# DATASET EXTRACT

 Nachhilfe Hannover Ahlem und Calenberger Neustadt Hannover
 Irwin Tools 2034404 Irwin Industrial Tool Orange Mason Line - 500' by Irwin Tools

---

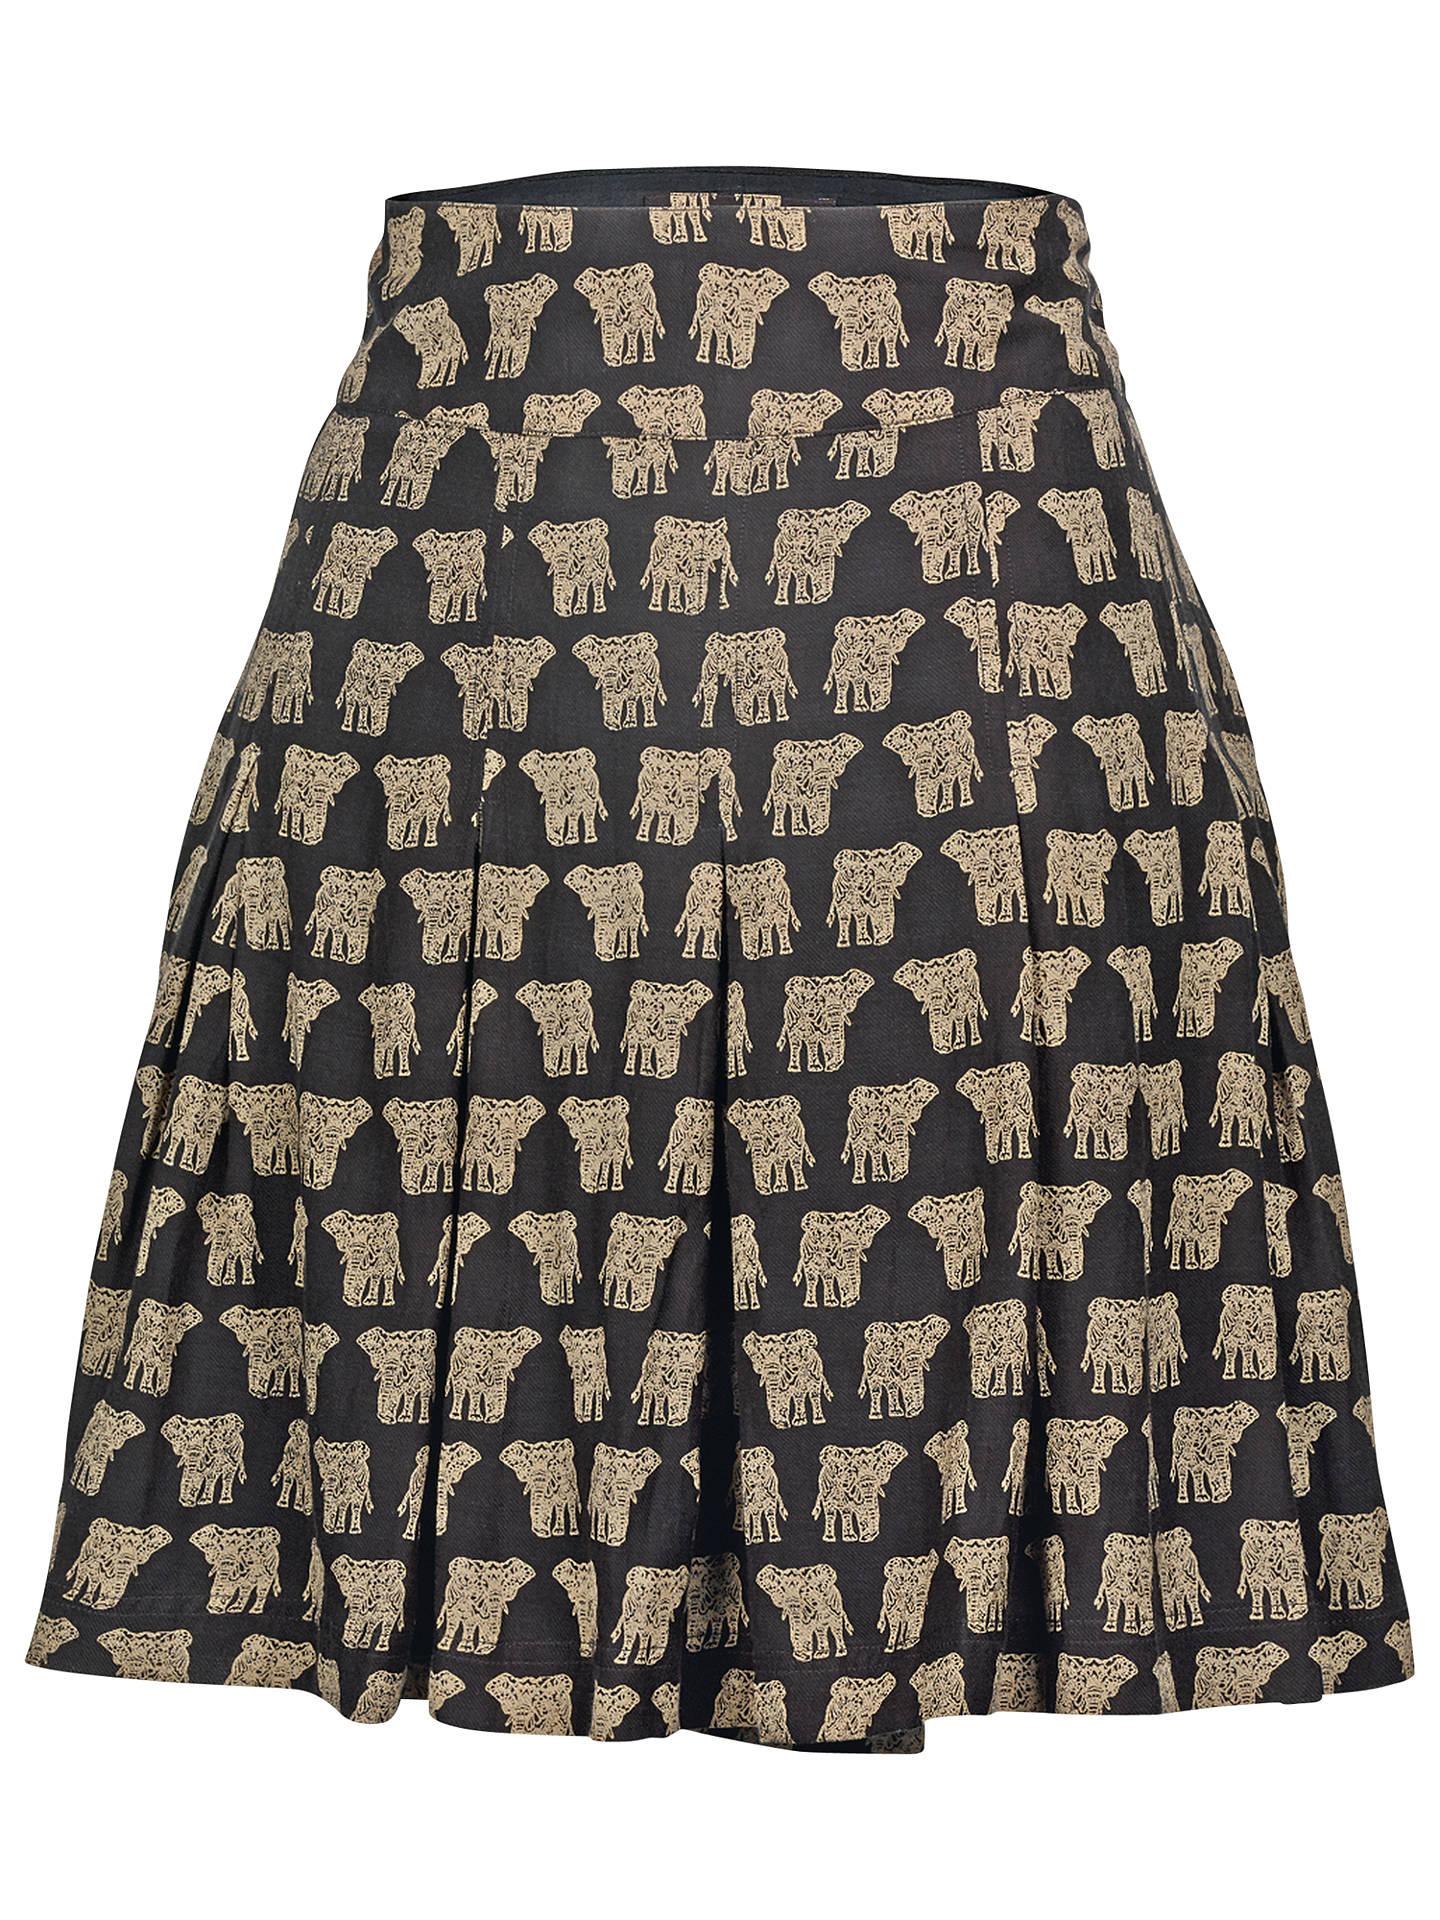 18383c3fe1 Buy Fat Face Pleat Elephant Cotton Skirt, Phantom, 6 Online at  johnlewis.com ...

---

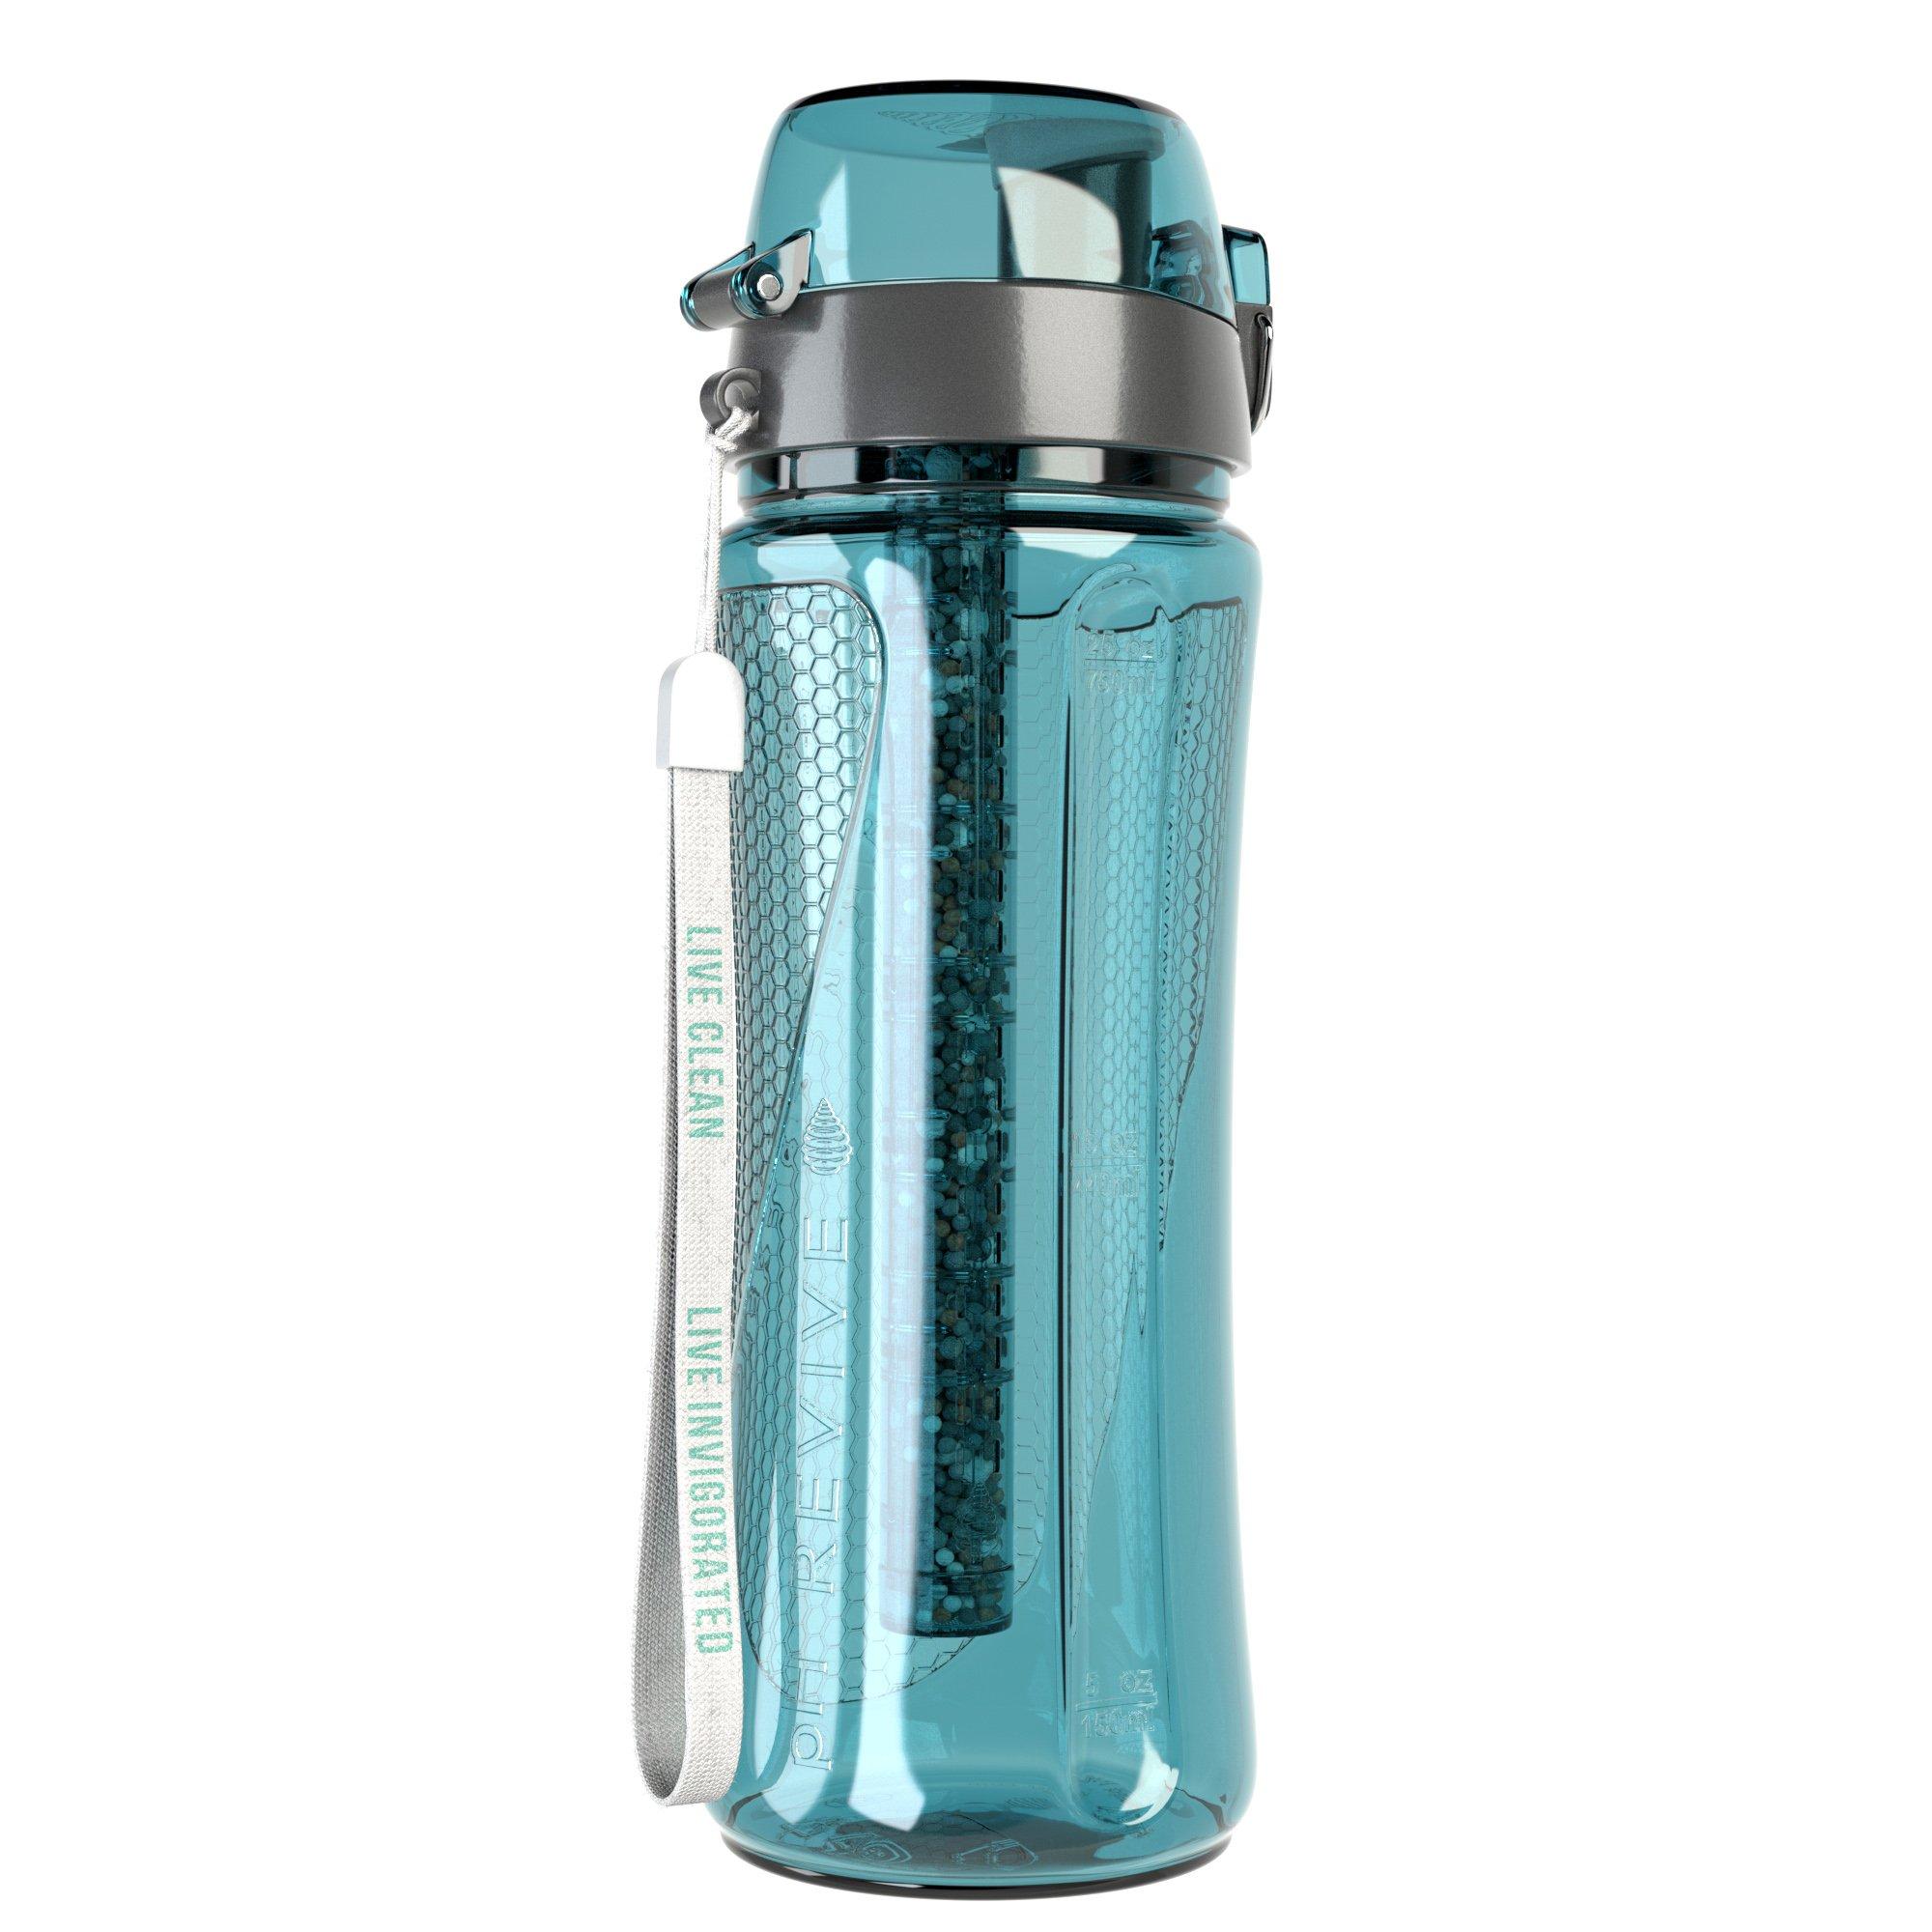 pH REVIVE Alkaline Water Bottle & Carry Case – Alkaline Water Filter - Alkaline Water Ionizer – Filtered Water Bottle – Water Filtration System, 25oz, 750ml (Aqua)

# REQUIRED WORK
In the entries above, the lines from the one bearing "Nachhilfe Hannover Ahlem" up to and including the one bearing "Irwin Tools 2034404" should be transcribed exactly; no other line is wanted.

# TASK SOLUTION
 Nachhilfe Hannover Ahlem und Calenberger Neustadt Hannover
 Irwin Tools 2034404 Irwin Industrial Tool Orange Mason Line - 500' by Irwin Tools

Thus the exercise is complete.